London Blitz from the museum grounds.
View full size imageThe Blitz, as viewed from the grounds of the National Maritime Museum, 15 October 1940. © NMM
During the Second World War more than 20,000 Londoners were killed in the 'Blitz'. The Blitz was the name given to the constant bombing of London between September 1940 and May 1941.

The first German bombs fell on central London on 24 August 1940. This was probably a mistake by German bombers who were aiming for industrial targets around the Thames estuary.

Royal Air Force (RAF) retaliation on Berlin soon followed. The Germans responed to this attack on their capital by bombing industrial targets and civilian centres.
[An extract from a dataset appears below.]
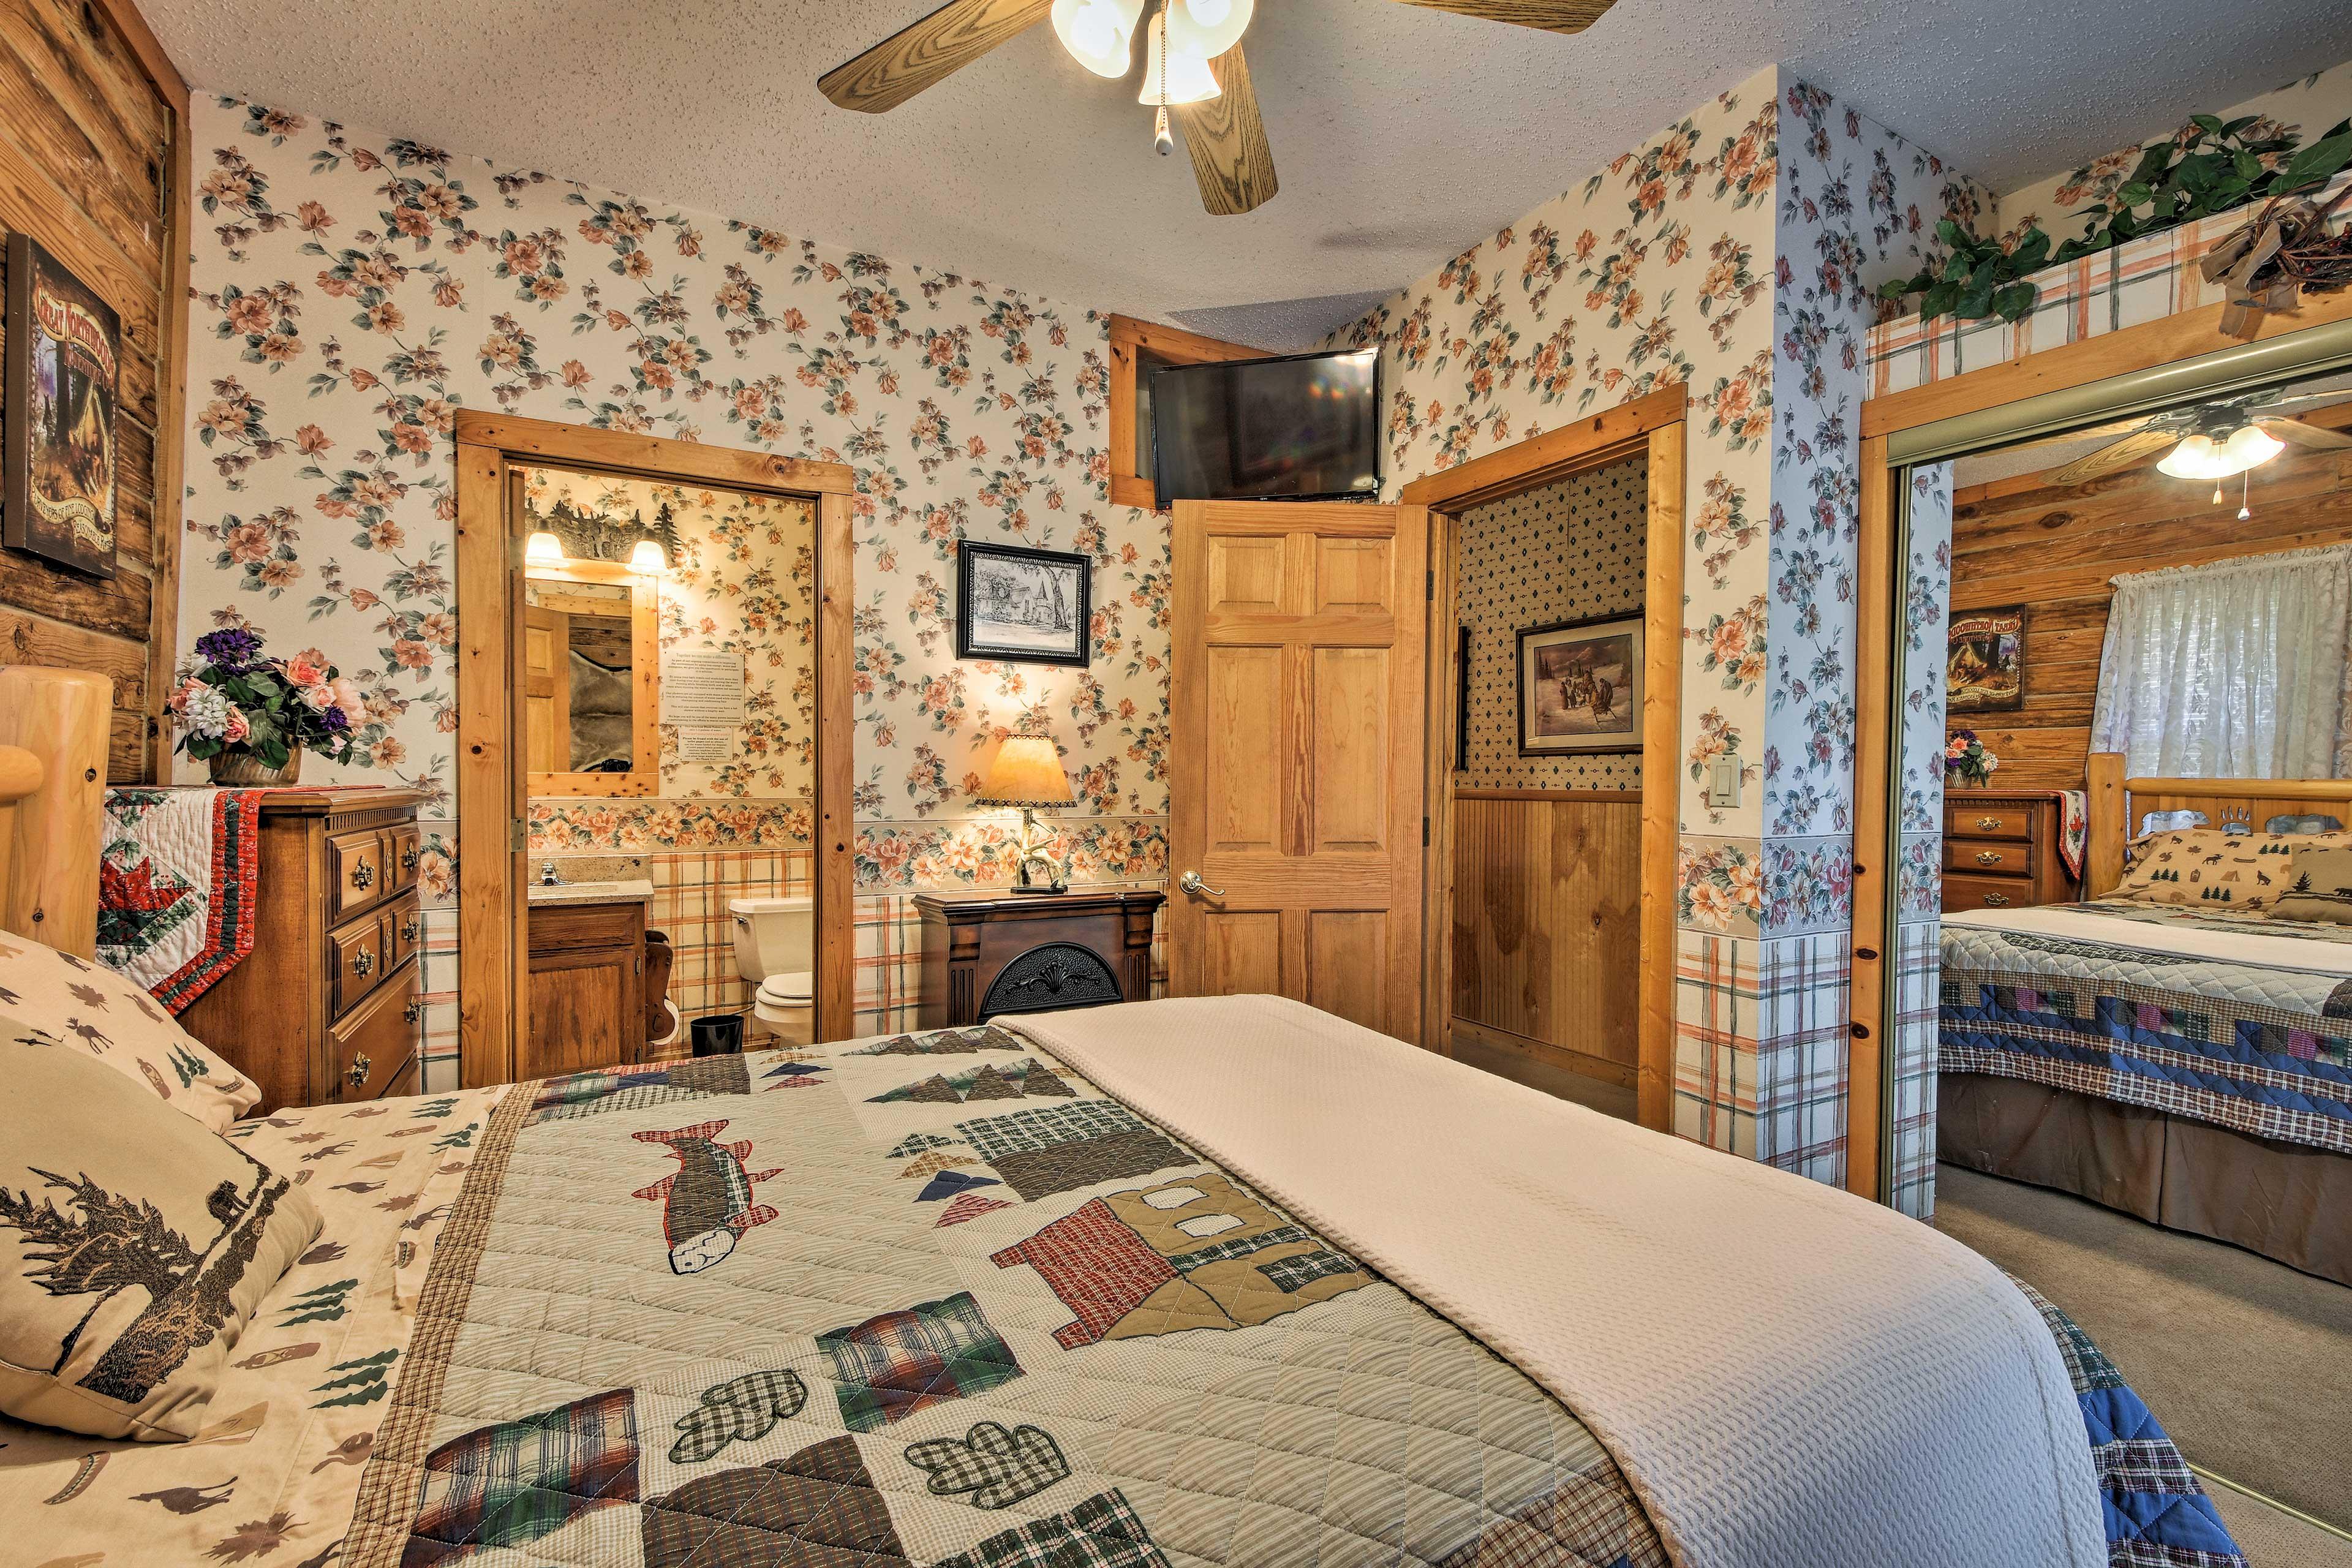 Enjoy privacy in this bedroom's en-suite bathroom!

This was an attempt to 'soften up' the British population and to destroy its morale before the planned German invasion.

Targeting the docks

German map of Silvertown and docks area.
View full size imageGerman map of the Silvertown and Royal Docks area, February 1941. © NMM
In London, the docks were chosen as the main target. The Luftwaffe, the German airforce, hoped to paralyse the commercial life of the capital by bombing the docks, warehouses, wharves, railway lines, factories and power stations of the East End. This meant that people living in East London were now directly in the firing line.

The port of London was the most heavily bombed civilian target in Britain. During the war over 25,000 bombs fell on Docklands. This photograph was taken from a Luftwaffe bomber over the Silvertown area.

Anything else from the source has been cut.